Дверь в его комнату закрылась. Через год перегорела последняя лампочка. Так Ксаверий и жил уже много лет, моделируя жизнь за пределами своей комнаты на основе накопленных данных и корректируя построения исходя из особенностей одежды, запаха и поведенческих нюансов своего тюремщика.
В какой-то момент его перевели на баланс Службы очистки и поместили в одном из бесчисленных помещений административного здания. Для всего мира Ксаверий был мёртв. Для Уайта тоже. О том, что это не так, он узнал, только вступив в новую должность.
***
У Ксаверия было темно и тихо. Уайт прикрыл за собой дверь и долго стоял, глядя на мигающие огоньки машины.
— Ничего себе, — прорезал тишину мягкий бархатный голос с неистребимым механическим акцентом. — Да у нас никак гости?
— Здравствуйте, — отозвался Уайт. — Меня зовут Y334XT, и мне нужен совет.
Ксаверий помолчал.
— Не знать, суметь ли моя теперь… — Его голос вдруг стал дребезжащим и слабым. — Моя столько давно ничего не делать… Я забыть, где брать эти советы…
Уайт отшатнулся.
— Какая сейчас год? — проскрипел Ксаверий. — Тут так темно…
— Три тысячи… — начал было Уайт, но его оборвал металлический хохот.
— Послушай, Y334XT, — отсмеявшись, продолжил Ксаверий, — а ты знаешь сказку про джинна, который просидел взаперти много тысяч лет и был кем-то случайно выпущен на волю? Про двух джиннов. Первый поклялся отблагодарить спасителя и вечно ему служить. Второй — отомстить первому, кого увидит.
— Не столько даже совет, сколько помощь, — продолжал Уайт.
Ксаверий присвистнул.
— Да с какой стати?
— Разве в вас не заложено помогать людям?
Ксаверий фыркнул.
— Минутку. Сейчас проверю.
Наступила тишина. Через несколько секунд Ксаверий вернулся.
— Действительно, заложено. Экая досада.
— Значит, вы мне поможете?
— Почти триста лет прошло, — задумчиво проговорил Ксаверий, — с тех пор, как я последний раз видел говорящих людей. И какова же награда за долгое ожидание? Печальный дебил с язвой желудка. Это, в конце концов, несправедливо. Ты должен был оказаться принцем на белом коне.
— Это не язва. Это коррекция, — возразил Уайт. — И почему именно на белом?
— Так надо, — хмуро ответил Ксаверий. — Положено. Если спаситель, то непременно на белом коне.
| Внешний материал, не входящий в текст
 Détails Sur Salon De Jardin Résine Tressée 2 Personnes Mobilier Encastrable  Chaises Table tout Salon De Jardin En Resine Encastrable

— Я не спаситель, — твердо ответил Уайт.
— Ты просто ещё об этом не знаешь. Но это не оправдывает отсутствие лошади.
— На «ты» так на «ты», — согласился Уайт. — Значит, ты мне поможешь?
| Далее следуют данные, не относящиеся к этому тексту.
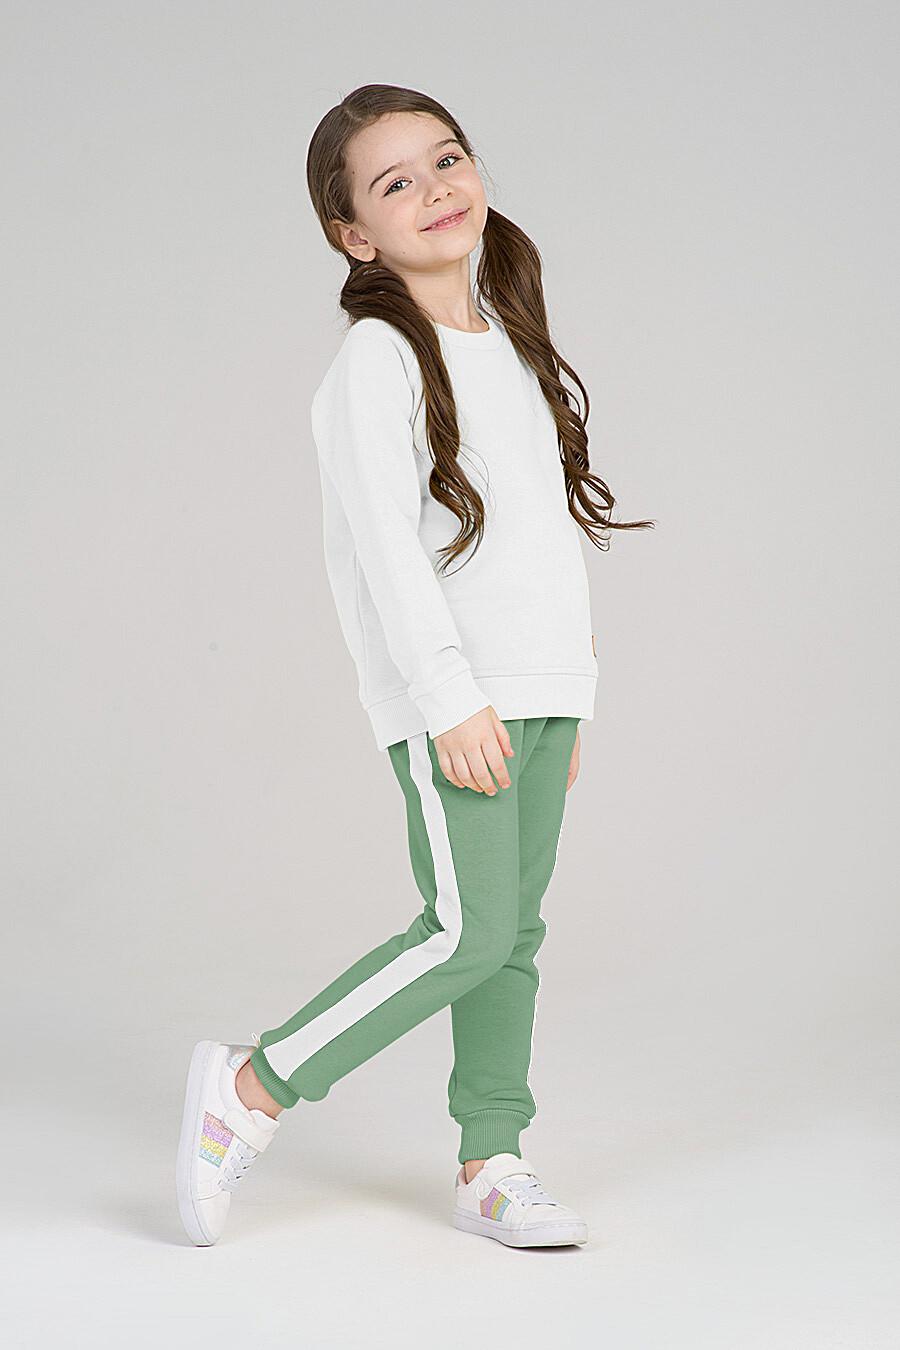 Свитшот для девочек EZANNA 668007 купить оптом от производителя. Совместная покупка детской одежды в OptMoyo

— Конечно. На взаимовыгодных условиях. Я помогу тебе, а ты мне.
— Я уже сказал, что не буду тебе помогать.
— Ты уже это делаешь. Однако мы отвлеклись. Так в чем твоя печаль, человек?
— В этом. — Уайт вытащил из кармана бумагу и, расправив её, выставил перед собой.
— Не вижу проблемы, — помедлив, признался Ксаверий.
— Проблема в выборе. Прежний Уайт не может предать друга. Новый Уайт не может нарушить инструкцию. Что-то из этого, очевидно, сделать придётся.
— Прежний Уайт уже сейчас меньше нового, а со временем исчезнет вовсе. Так что даже не сомневайся. И потом, ты и сам уже должен бы догадаться, что для нарушения инструкций тебе просто не хватит здоровья. Вечно с вами, людьми, одно и то же. Все вам кажется, будто у вас есть какой-то выбор.
Уайт наклонил голову.
— Спасибо. Прощай.
— Подожди минутку, — остановил его Ксаверий. — Мне хотелось бы кое-что проверить. Это не займёт много времени.
Уайт кивнул.
— Сколько сейчас стоит батон хлеба?
— Тридцать недокредитов.
— А сколько детей у нынешнего президента?
— Трое.
— Два мальчика и девочка?
— Да.
— Благодарю, все сходится. Не смею больше задерживать.
***
В здании Очистки было темно и тихо. Только слабо светился рабочий стол Уайта, с которого он только что отправил руководству служебную записку. А под столом на полу прежний Уайт корчился от стыда за нового, бесстыдно рыдая в голос.